# Making a Generator



## machiavelli (Nov 26, 2008)

Wouldn't it be cheaper to be able to take the horse power engine of a generator then bolt it to something that has the electricity converting part on it so you can buy the two things separately? Is this possible to make your own generator this way?


----------



## xj35s (Oct 29, 2008)

not sure what you mean. If you have an engine you can by the part that bolts on to it. harbor freight sells them. There are only two parts the engine and the generator. The wires that come out of the generator go directly to the outlets through circuit breakers along the way. There is no inverter or transformer or the like.

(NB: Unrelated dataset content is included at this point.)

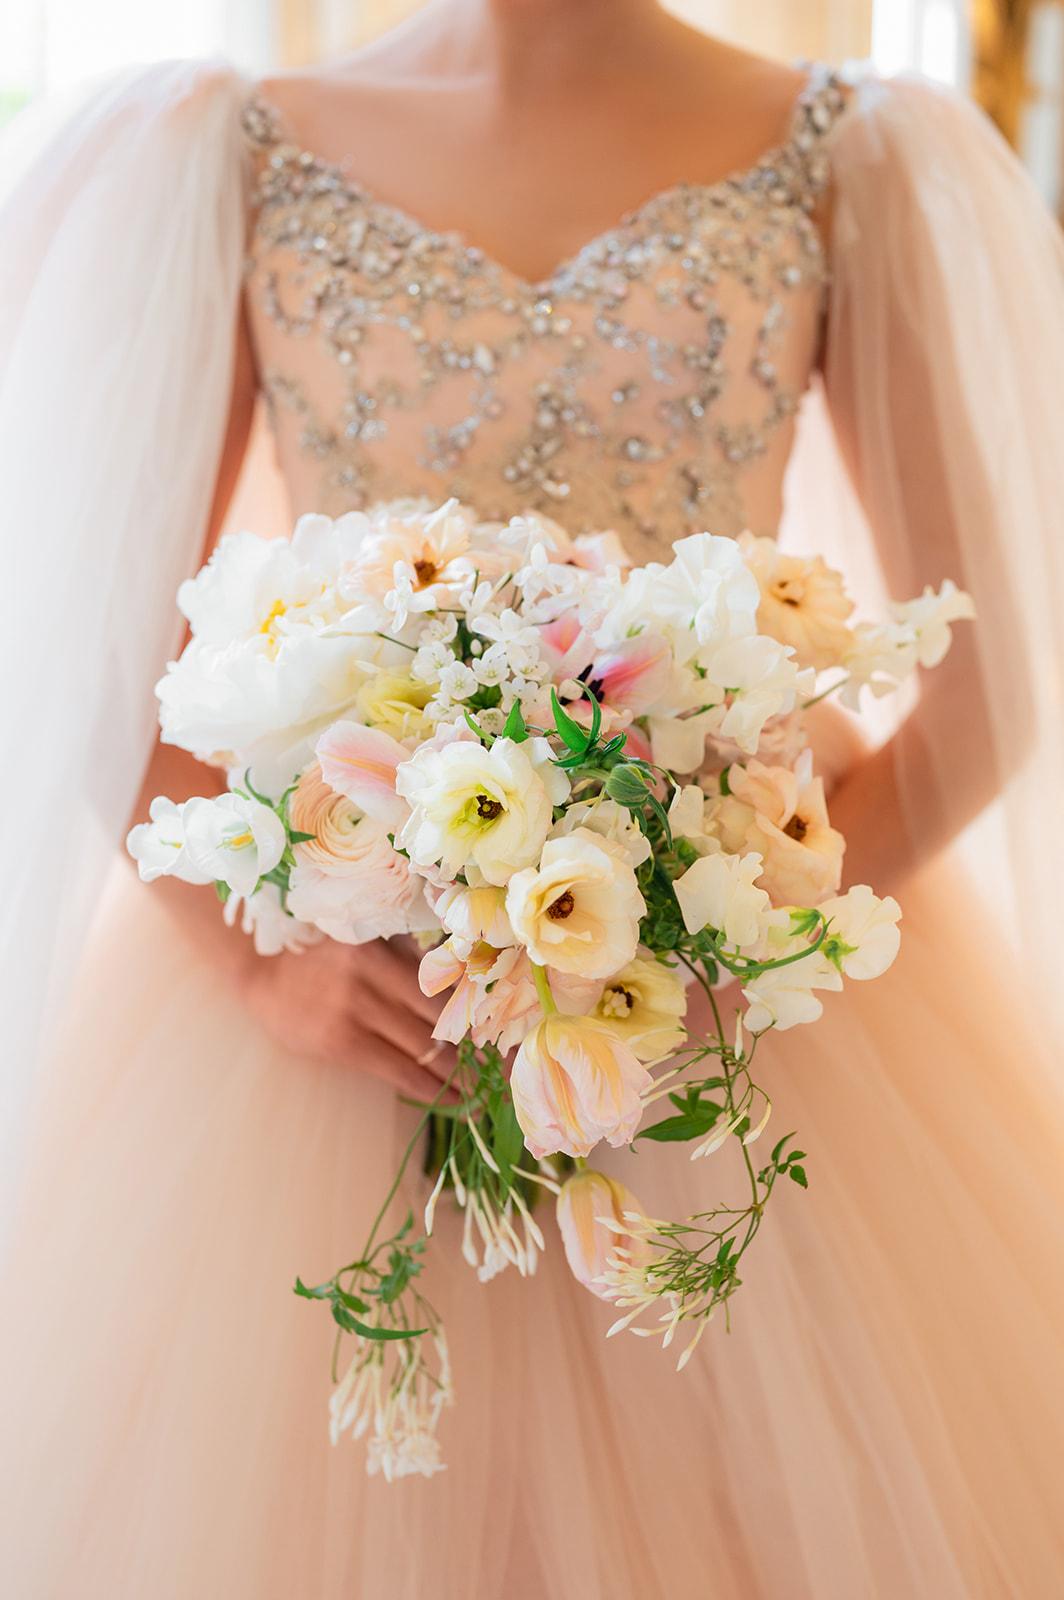 Villa Balbiano luxury destination wedding, featuring a bride holding blush and neutral fine art bouquet

Harbor Freight Tools - Quality Tools at the Lowest Prices


----------



## awalker19 (Dec 30, 2008)

Do you know of any cheaper/smaller generator heads? I wouldnt mind trying to make mine own for fun with a motor I have. My motor isn't 20hp either.


----------



## The_Blob (Dec 24, 2008)

once you factor in the voltage regulator, low oil timer relays, gfcis, frame, etc etc... unless you already have an engine or a generator already lying around IMHO it's probably cheaper to just buy one, they're not really that expensive, especially if you goto Harbor Freight or one of those travelling tool shows that they have @ hotels &/or mall parking lots.


----------



## xj35s (Oct 29, 2008)

awalker19. My brother used an old 5hp briggs mounted to a board. the other end of the board had a car alternator mounted on a pivot with a heavy spring. You have to have a 12v battery to "energize" the alternator windings. once it's charging it'll put out what it needs to depending on load. This can be built for cheap and all you need to add is a small 400w - 1500w ac inverter. to run epuipment/tools.
Home Brew Power: Building your own generator.

Charging Systems

http://www.ibiblio.org/ecolandtech/alternative-energy/homepower-magazine/archives/2/02pg23.txt


----------



## actrisor11 (Apr 21, 2009)

hi all
One thing you can do if you want to build your own generator is to build an induction generator from a small gas engine and a washing machine motor.They are real easy to build and can be done on the cheap.I have built many of them in the past and they are reliable.Pros are easy to build, output is 60 hrtz 110 v ac same as in your home, and you can't overload it. Cons. small output in watts, ie: a washing machine motor will put out about 1000 watts, and it will not operate another induction motor.Or only one 1/10 the size of the generator.
If anyone is interested in knowing how just pm me and i will give the wiring diagram to them.
Actrisor


----------



## 10101 (Oct 31, 2008)

machiavelli said:


> Wouldn't it be cheaper to be able to take the horse power engine of a generator then bolt it to something that has the electricity converting part on it so you can buy the two things separately? Is this possible to make your own generator this way?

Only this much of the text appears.